I have "Russian Red," and it is a gorgeous deep glamor-girl red.
"Powerhouse" is on the way; I'll let you know what I think of it later.


----------



## Neon_Couture (Aug 15, 2006)

Ruby woo is awsome!


----------



## capspock (Aug 15, 2006)

Second Dubonnet! And Diva is pretty but it is *not* a red color, it's a deep burgundy. You can see me wearing it on the geisha look here: http://www.specktra.net/showthread.php?t=53196


----------



## ette (Aug 15, 2006)

Lady Bug is nice for your "first" red lipstick! It's subtle but buildible.


----------



## Christina983 (Aug 16, 2006)

*Red Lipstick Help Needed Please*

Im looking for a red lip stick that wont make me look like Ronald McDonald. Im very inspired by Christina Aguliera look lately. What Mac lip would you recommend to me.

Im NW15/20, Hazel eyes, light brown hair. 

Thank You!


----------



## jessiekins1 (Aug 16, 2006)

ruby woo or dubbonet.


----------



## Vicky88 (Aug 16, 2006)

Ruby Woo.


----------



## n_c (Aug 16, 2006)

Dubbonet


----------



## d_flawless (Aug 16, 2006)

russian red is my favorite red from mac.


----------



## Dreamergirl3 (Aug 16, 2006)

russian red


----------



## lightsinsorrow (Aug 17, 2006)

I personally like warmer reds since they don't turn fuschia on the lips.  Try filling your lips in with Half-Red lip pencil and topping it off with Ladybug lipstick.


----------



## Christina983 (Aug 17, 2006)

Thanks for the sugestions! Im going to list them all to try on when i go to the mac counter this weekend

thanks!


----------



## cno64 (Aug 18, 2006)

It depends.
For a deep blue-based red, I love "Russian Red," but for brright, fire-engine red, it's gotta be "Powerhouse."


----------



## BinkysBaby (Aug 18, 2006)

Liza Red!!!


----------



## Christina983 (Aug 18, 2006)

Ive used gash by urban decay a while back and it made me look like ronald mcdonald like i said, clownish

yikes!


----------



## Macnarsandlove (Aug 18, 2006)

*red lipstick?*

I am a NC 45 and I need some ideas or tips for wearability. If anyone has any sugestions for colors/brands let me know.


----------



## Rockell (Aug 19, 2006)

I'm also NW15, and I love love love Kevyn Aucoin's lipstick Talula. It's a bright, coral, orange-based red. The formula of his lipsticks are to die for...so smooth and they wear a long time.

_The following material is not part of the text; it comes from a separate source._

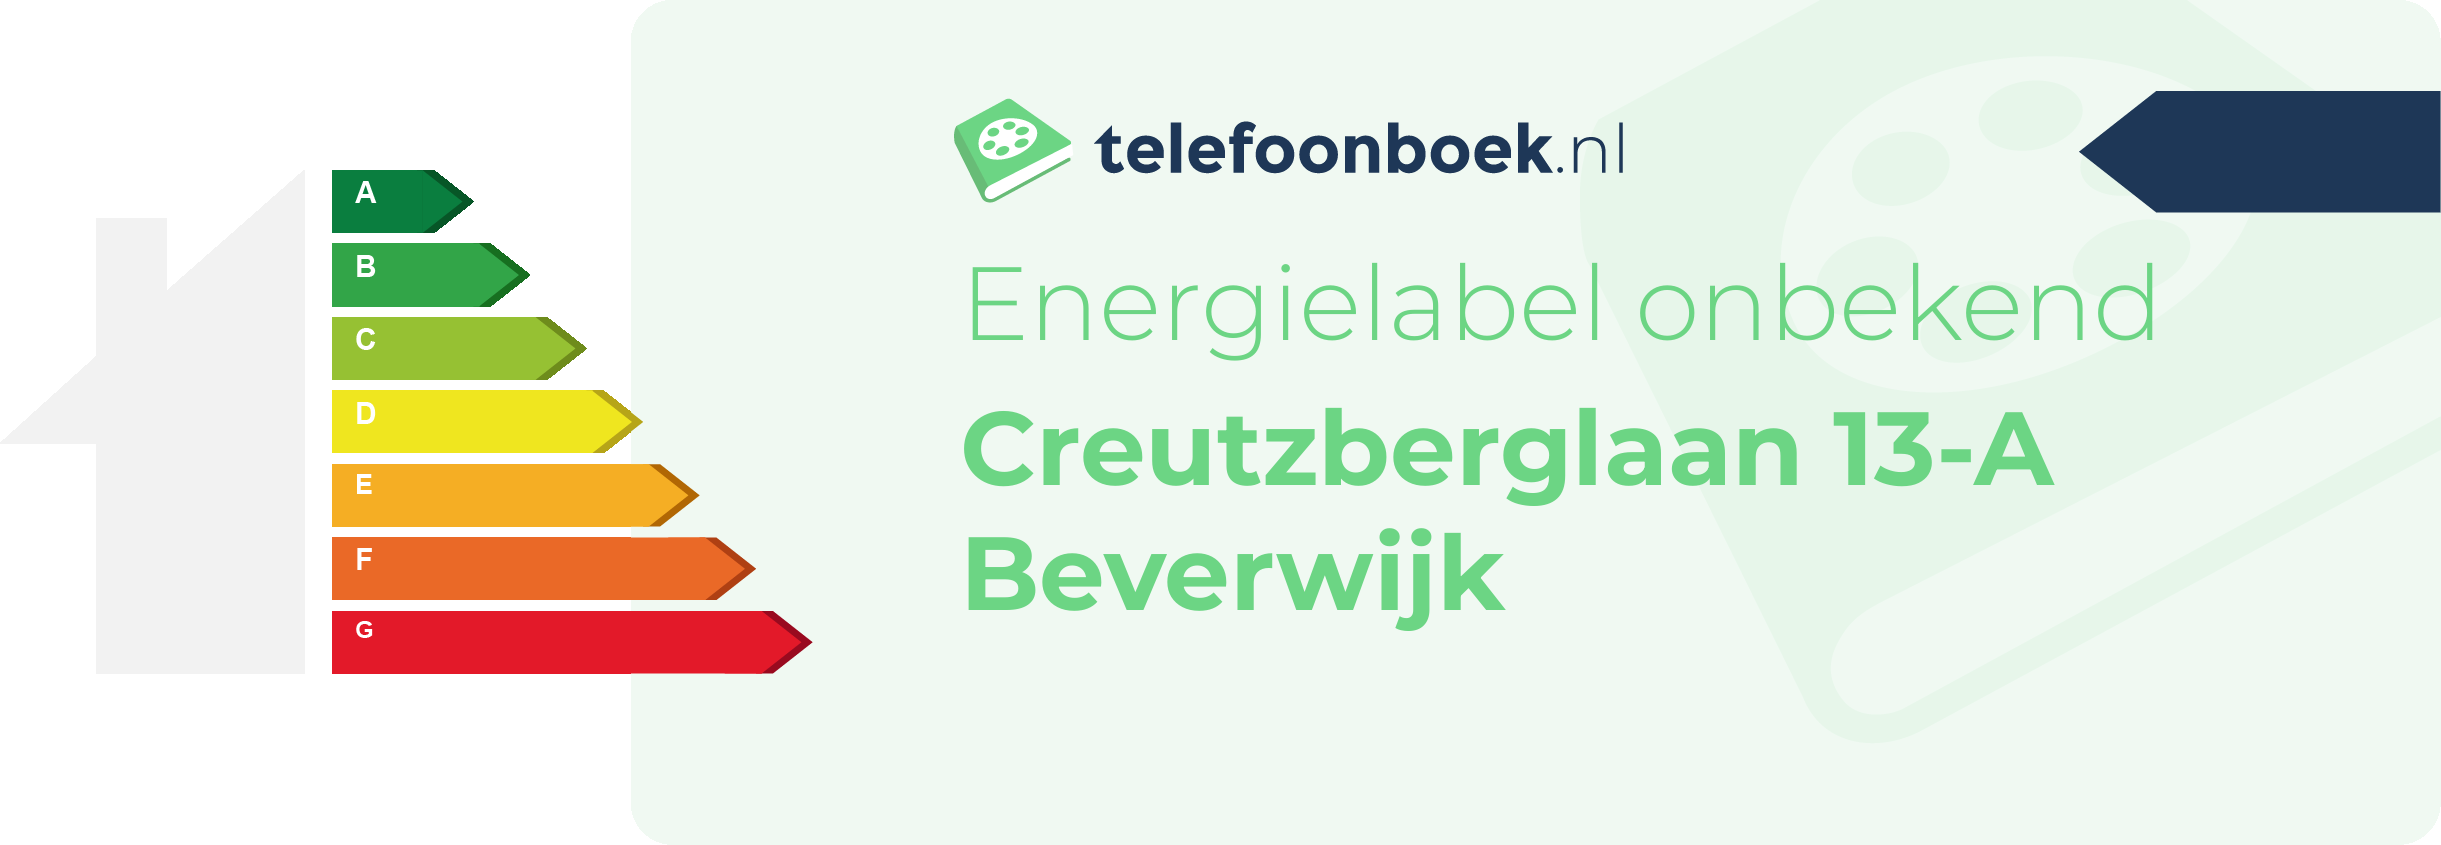 Energielabel Creutzberglaan 13-A Beverwijk

I tried on reds at MAC and they all turned fuschia on me. 
	

	
	
		
		

		
		
	


	




I hope you find your perfect red! You'll know when you put it on.


----------



## maxcat (Aug 19, 2006)

can you hold on until Rockocco comes out next week? B/C the one in that collection is fall on your head gorgeous.


----------



## ohhhhhthehorror (Aug 19, 2006)

Quote:

   Originally Posted by *Christina983* 
_Im looking for a red lip stick that wont make me look like Ronald McDonald. Im very inspired by Christina Aguliera look lately. What Mac lip would you recommend to me.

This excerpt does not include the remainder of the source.